CWE-639: Authorization Bypass Through User-Controlled Key (IDOR) -- Software uses a user-supplied key (ID, filename, index) to access a resource without verifying the user's authorization for that specific resource. Commonly known as Insecure Direct Object Reference (IDOR). In multi-tenant platforms, IDOR can expose one organization's data to another.

CWE-732: Incorrect Permission Assignment for Critical Resource -- Software sets permissions on a critical resource (config file, registry key, database) in a way that allows unintended actors to read or modify it. In ICS, overly permissive file permissions on PLC project files or historian databases can allow unauthorized process modifications.

CWE-770: Allocation of Resources Without Limits or Throttling -- Software allocates resources (memory, threads, connections) without imposing limits, allowing an attacker to exhaust system resources. In ICS, connection flooding on Modbus TCP port 502 or EtherNet/IP port 44818 can overwhelm PLCs with limited connection tables.

CWE-787: Out-of-Bounds Write -- Software writes data past the end or before the beginning of an allocated buffer. Can corrupt adjacent memory, crash the process, or enable arbitrary code execution. The third most common CWE in the BreachSpider corpus. Frequently found in firmware for PLCs, network switches, and protocol parsers.

CWE-798: Use of Hard-Coded Credentials -- Software contains embedded usernames, passwords, or cryptographic keys that cannot be changed by the administrator. Extremely common in OT firmware and embedded devices.

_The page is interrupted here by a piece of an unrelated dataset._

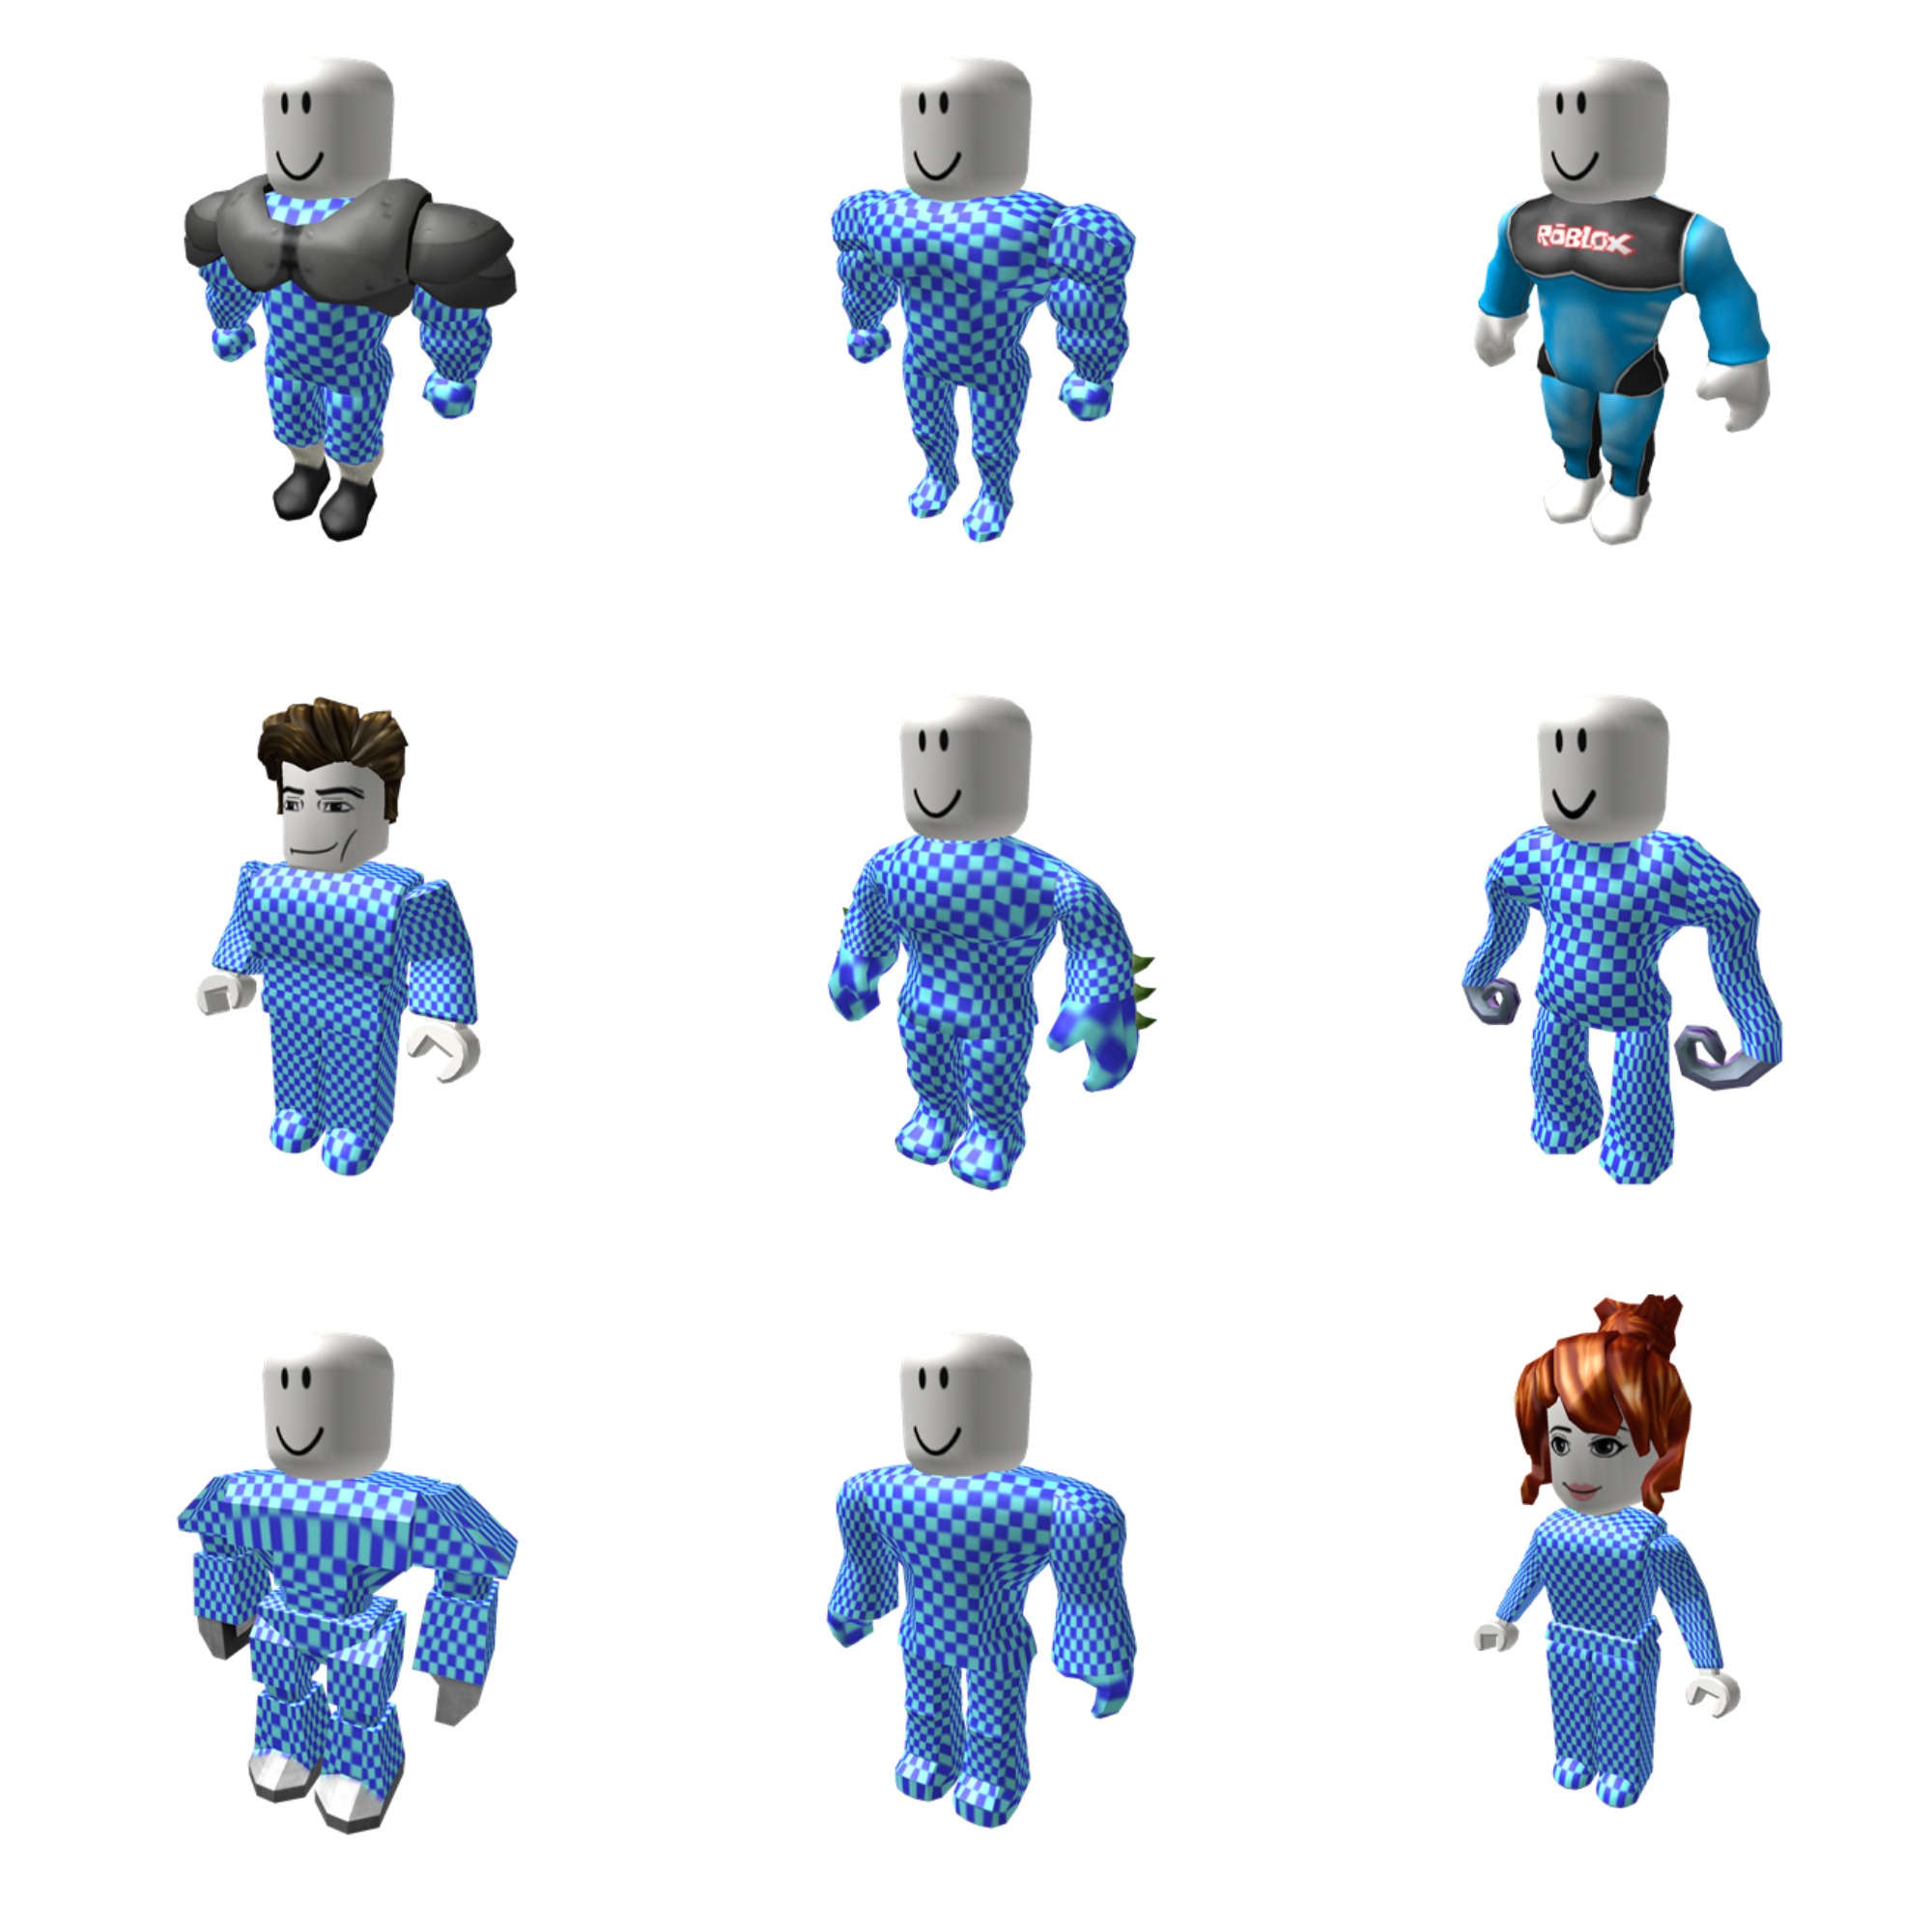 Here the complete cycle of roblox body Evolution

Vendors ship PLCs, HMIs, and industrial switches with fixed default passwords or maintenance backdoors. Often discovered years after deployment. Cannot be remediated without a firmware update.

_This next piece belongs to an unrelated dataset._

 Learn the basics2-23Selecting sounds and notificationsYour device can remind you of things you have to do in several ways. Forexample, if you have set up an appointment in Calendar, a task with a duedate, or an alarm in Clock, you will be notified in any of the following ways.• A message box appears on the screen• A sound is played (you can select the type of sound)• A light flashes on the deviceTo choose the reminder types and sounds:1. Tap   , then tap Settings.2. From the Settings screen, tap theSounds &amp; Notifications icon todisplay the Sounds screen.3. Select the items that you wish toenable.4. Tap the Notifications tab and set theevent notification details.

CWE-862: Missing Authorization -- Software does not perform an authorization check when an actor attempts to access a resource or perform an action. Distinct from CWE-306 (missing authentication): the user may be authenticated but the application does not verify they have permission for the specific operation. Frequently found in REST APIs and web management interfaces.

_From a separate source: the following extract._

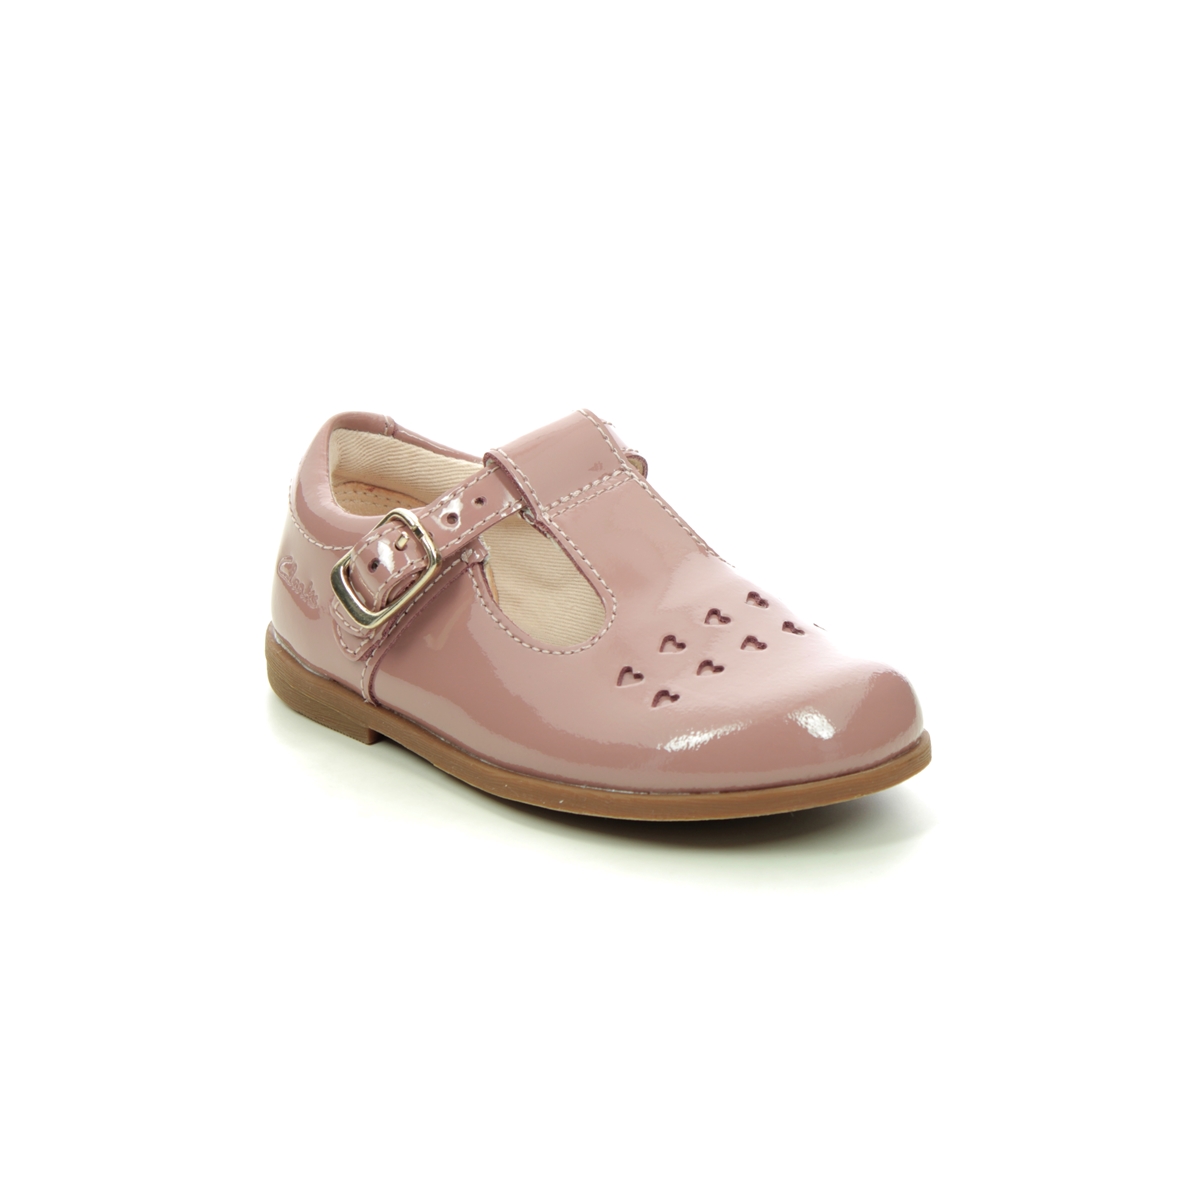 Clarks Drew Play T Pink Kids First And Toddler 651976F In Size 4.5 In Plain Pink F Width Fitting Regular Fit For kids

CWE-863: Incorrect Authorization -- Software performs an authorization check but does it incorrectly, allowing actors to access resources or perform actions beyond their intended privileges. Examples include flawed role checks, permission inheritance errors, and scope confusion in OAuth implementations.

CWE-918: Server-Side Request Forgery (SSRF) -- Attacker causes the server to make HTTP requests to an attacker-chosen destination, potentially accessing internal services or metadata endpoints. In ICS context, SSRF on an internet-facing component (HMI web interface, remote access portal) can be used to pivot into internal OT networks. CR0019 (SteVe OCPP EV charging infrastructure) is an SSRF example from CITED Relevance LLC research.